We used a simulation approach to test the accuracy of cross-validation in selecting clock and demographic models. We considered three molecular clock models; the strict clock (SC), the relaxed uncorrelated lognormal (UCLN) clock, and the relaxed uncorrelated exponential (UCED) clock. First, we sampled from the prior within the BEAST framework to generate ten phylogenetic trees, each with 50 taxa and a root node age of 100 years.

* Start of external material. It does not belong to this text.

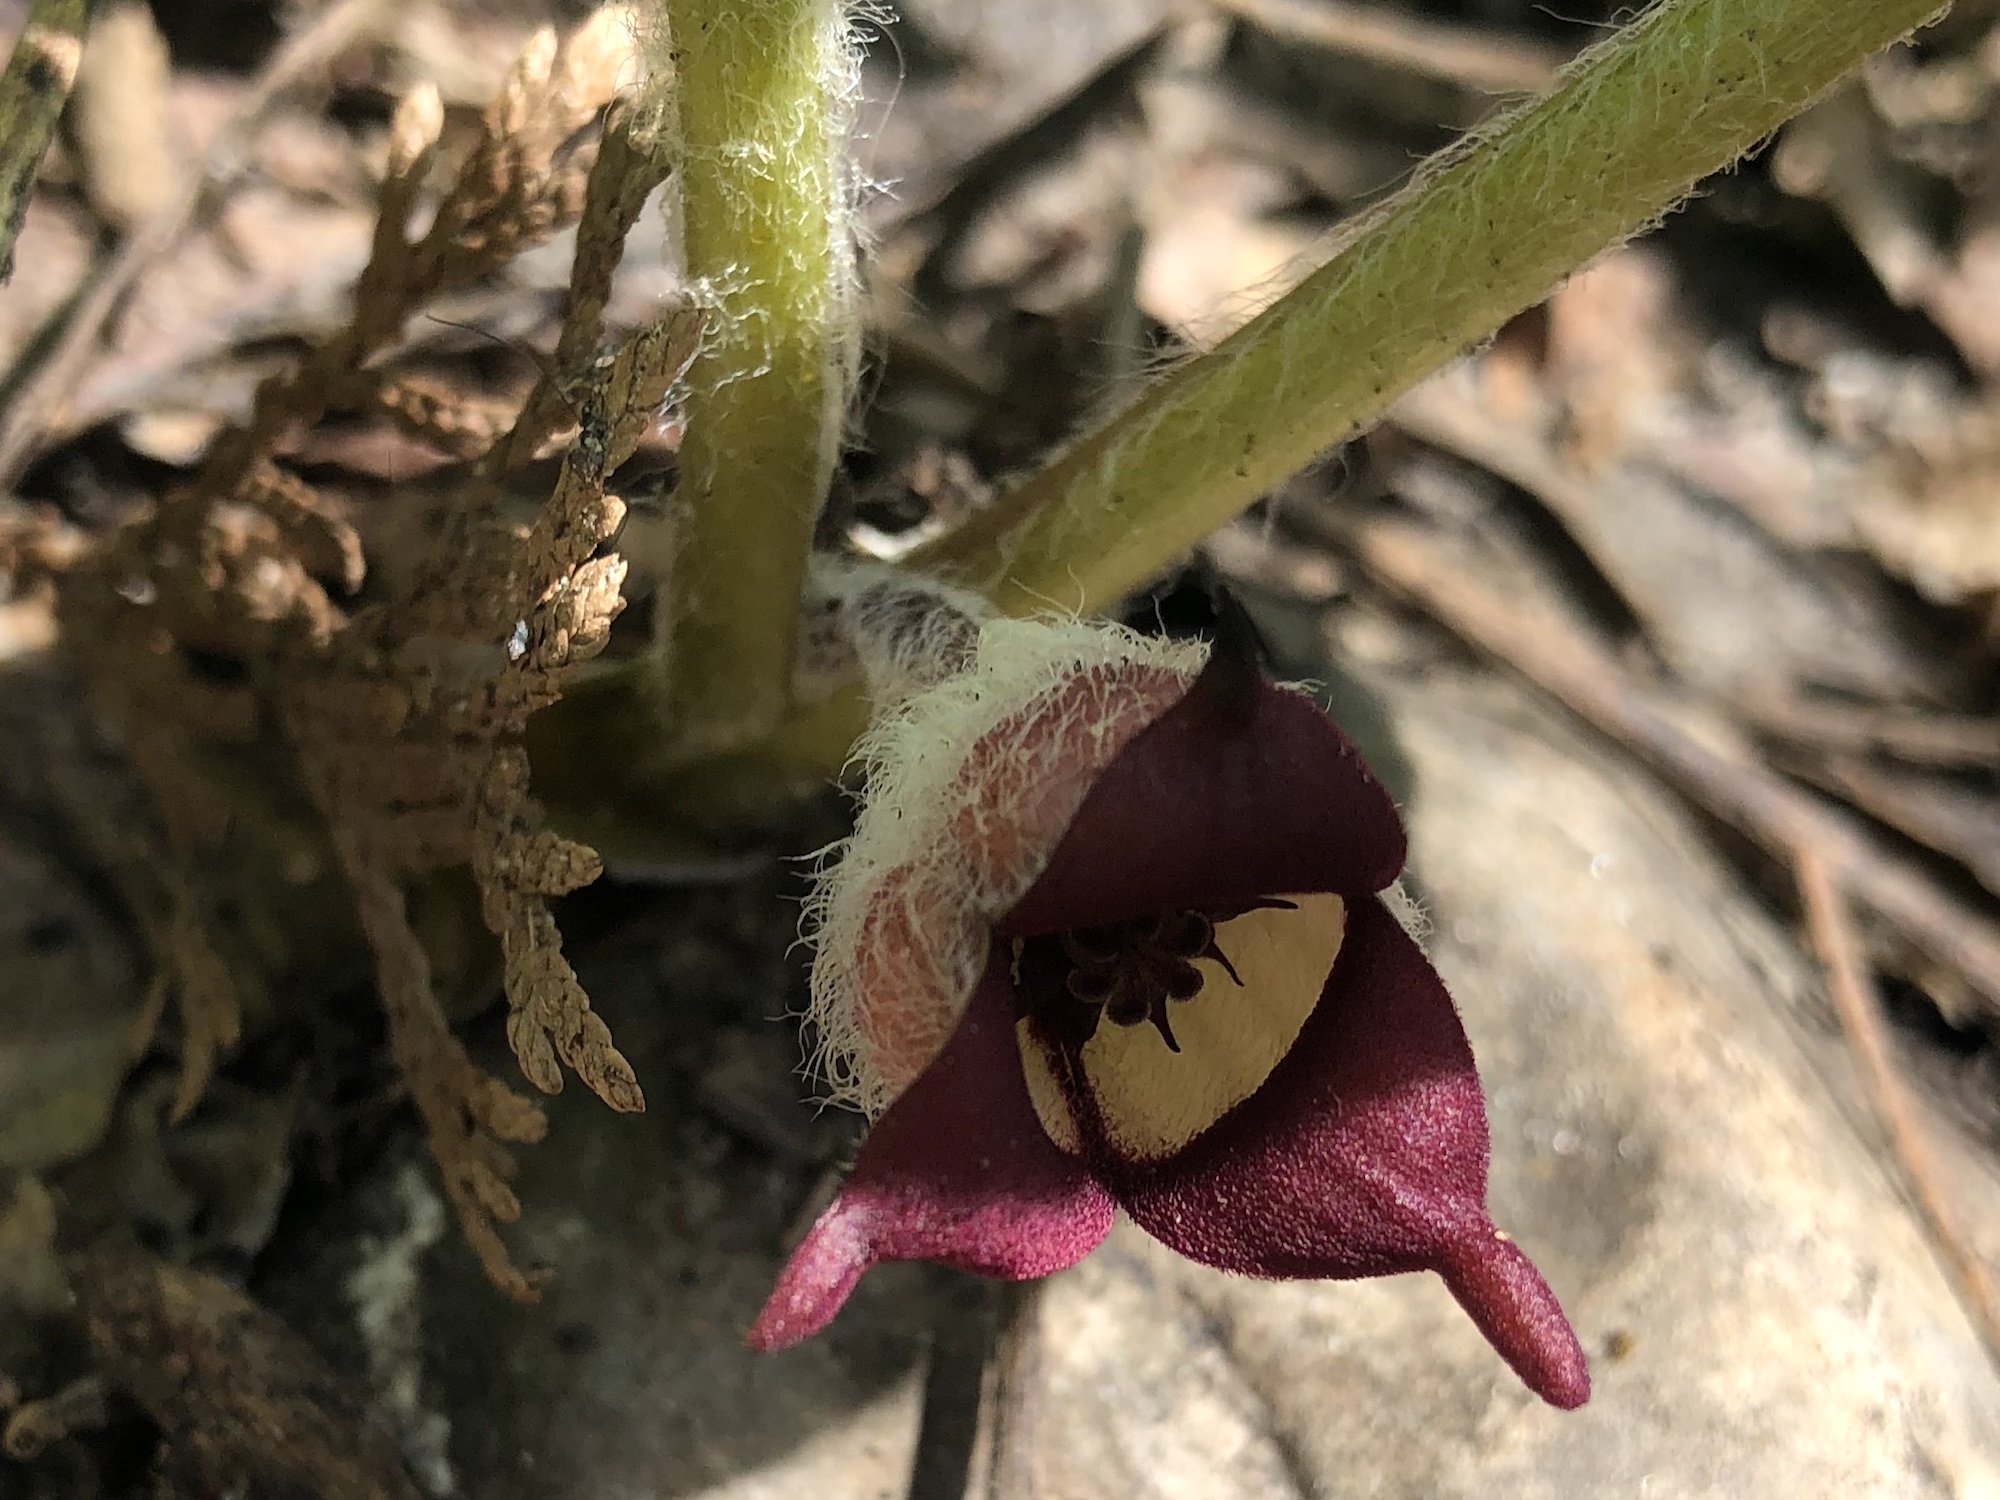 Wild Ginger flower just budding near Agawa Path in Madison, Wisconsin on April 16, 2021.

The tree topology and relative ages of internal nodes were based on a constant-size demographic model. We simulated branch rates according to the three clock models using NELSI v1.0 [22]. For the SC model, we used a rate of 10^{−3} substitutions/site/year, which broadly reflects the substitution rates that have been estimated in a range of RNA viruses, such as HIV [23] and *Dengue virus* [24]. For the UCLN and UCED models, we used a mean of 10^{−3} substitutions/site/year and a standard deviation of 10 % of the mean for the UCLN (note that in the UCED, the mean equals the standard deviation). We then used Pyvolve [25] to simulate the evolution of sequences of length 5,000, 10,000, and 15,000 nt under the Jukes-Cantor substitution model.

We compared all three clock models using the cross-validation method described above, with test and training sets of 50 % of the alignment length. For the BEAST analysis, we used a chain length of 10^{7} steps, with samples drawn every 5,000 steps, and discarding 10 % of the chain as burn-in. Whenever the effective sample size for any of the parameters was below 200, we doubled the chain length and halved the sampling frequency.

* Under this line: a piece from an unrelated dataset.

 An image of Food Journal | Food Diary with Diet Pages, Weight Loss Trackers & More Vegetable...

We also conducted simulations using two different demographic models: the constant-size coalescent (CSC) and the exponential-growth coalescent (EGC). We obtained trees in BEAST by sampling chronograms from the prior under the two demographic models. For the EGC model, we set the growth rate to 0.25, which is similar to that observed in some viruses [26]. We used the strict-clock model with a rate of 10^{−3} substitutions/site/year and simulated sequence evolution as described above.

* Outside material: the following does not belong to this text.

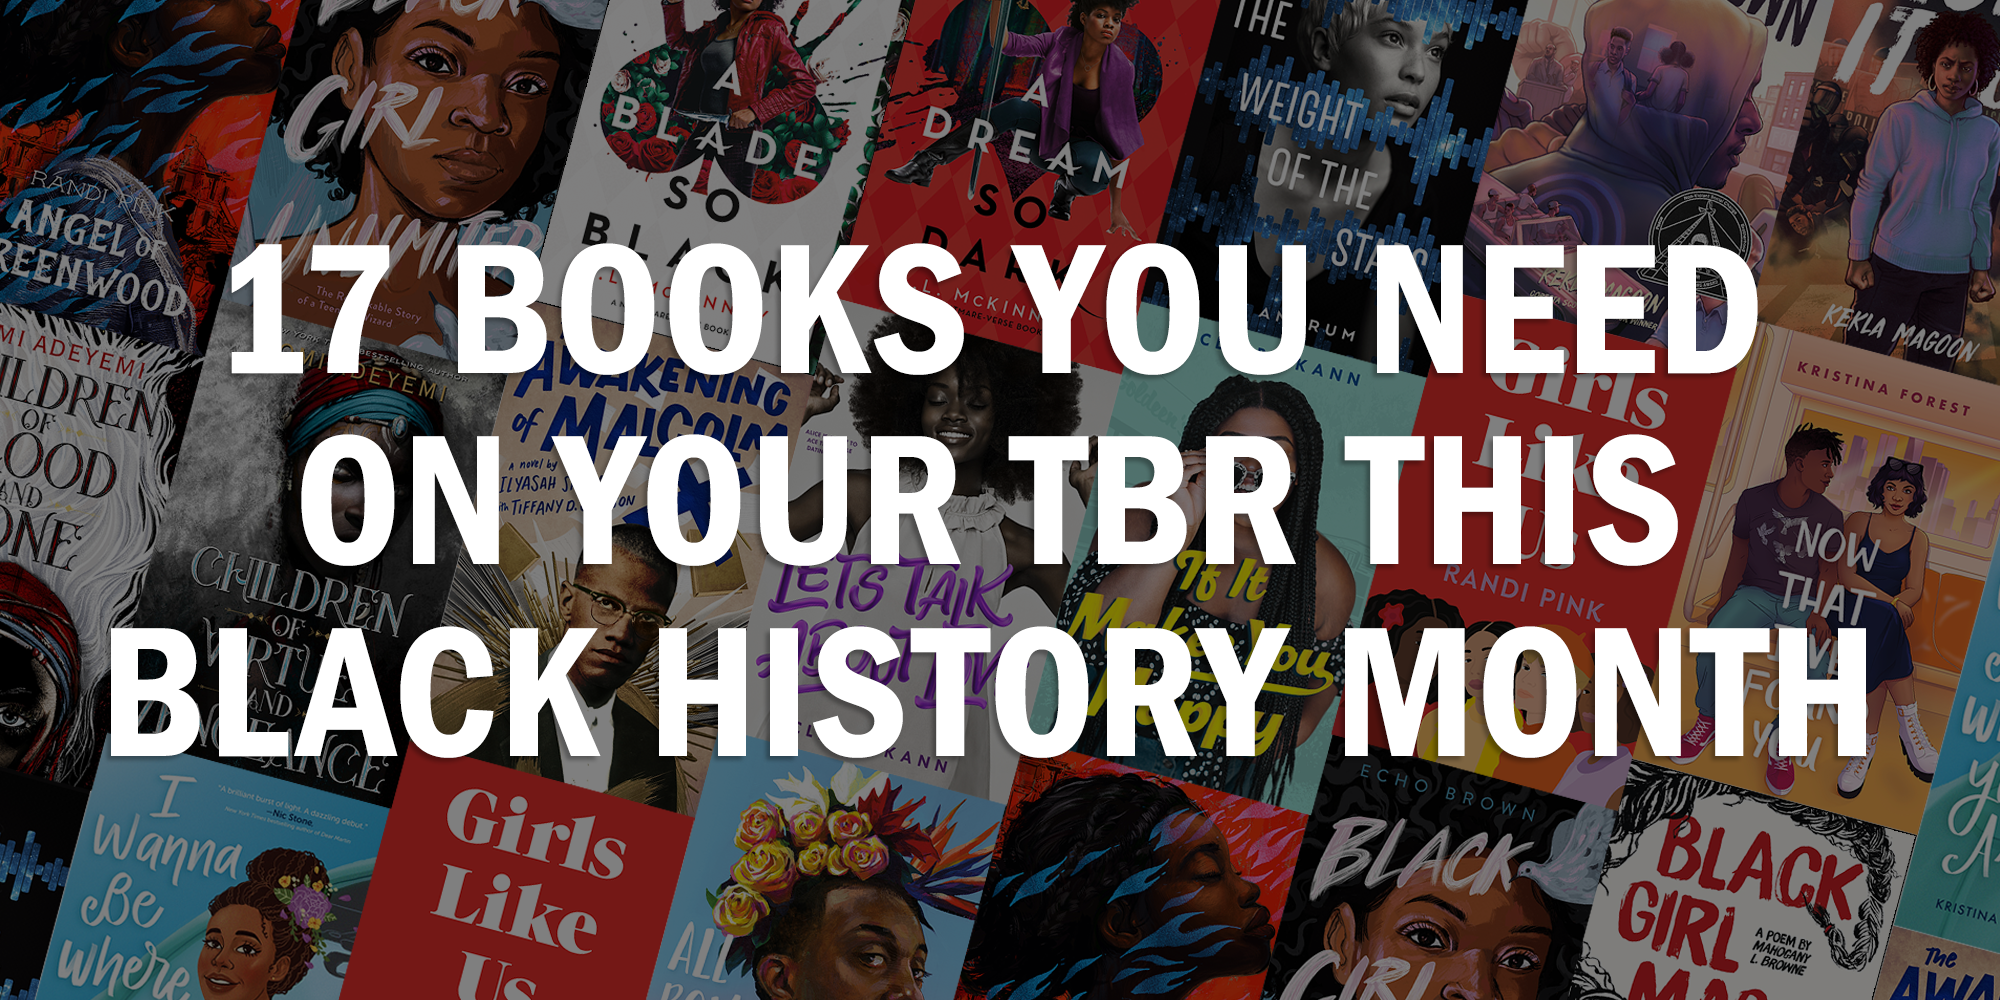 17 Books You Need on Your TBR This Black History Month

### Analyses of empirical data

We analysed four nucleotide sequence data sets to illustrate the performance of cross-validation (i) Enterovirus A71 (EV-A71), with 34 partial polyprotein sequences of 858 nt sampled between 2011 and 2013 (including the day and month) [27]; (ii) West Nile Virus (WNV), with 68 complete sequences of 10,299 nt sampled between 1999 and 2003 [28]; (iii) Rabbit Hemorrhagic Disease Virus (RHDV), with 72 capsid gene sequences of 1,726 nt sampled between 1995 and 2014 [26]; and (iv) whole-genome single-nucleotide polymorphisms of the bacterium *Shigella sonnei,* with a total of 161 sequences of 1,626 nt sampled between 1995 and 2010 [29] (Table 1). The alignments are available online (github.com/sebastianduchene/cv_model_selection).

We used the cross-validation method to compare four combinations of clock model and demographic model: SC + CSC, SC + EGC, UCLN + CSC, and UCLN + EGC. These analyses were conducted in BEAST using the same settings as in our analyses of simulated data. We used the GTR + Γ substitution model, accounting for rate heterogeneity among sites which is expected in the empirical data. The sampling times of the sequences were used to calibrate the clock; the four data sets have previously been found to have sufficient temporal structure according to the date-randomization test [30, 31]. For each analysis, we performed ten replicates of the cross-validation procedure, which appears to be sufficient in empirical studies [32]. We conducted two sets of analyses, in which we specified the training set as either 50 or 80 % of the alignment length. We used the mean likelihood across the ten replicates to select the optimal hierarchical model. For comparison, we estimated marginal likelihoods for these model combinations using stepping-stone sampling in BEAST [17].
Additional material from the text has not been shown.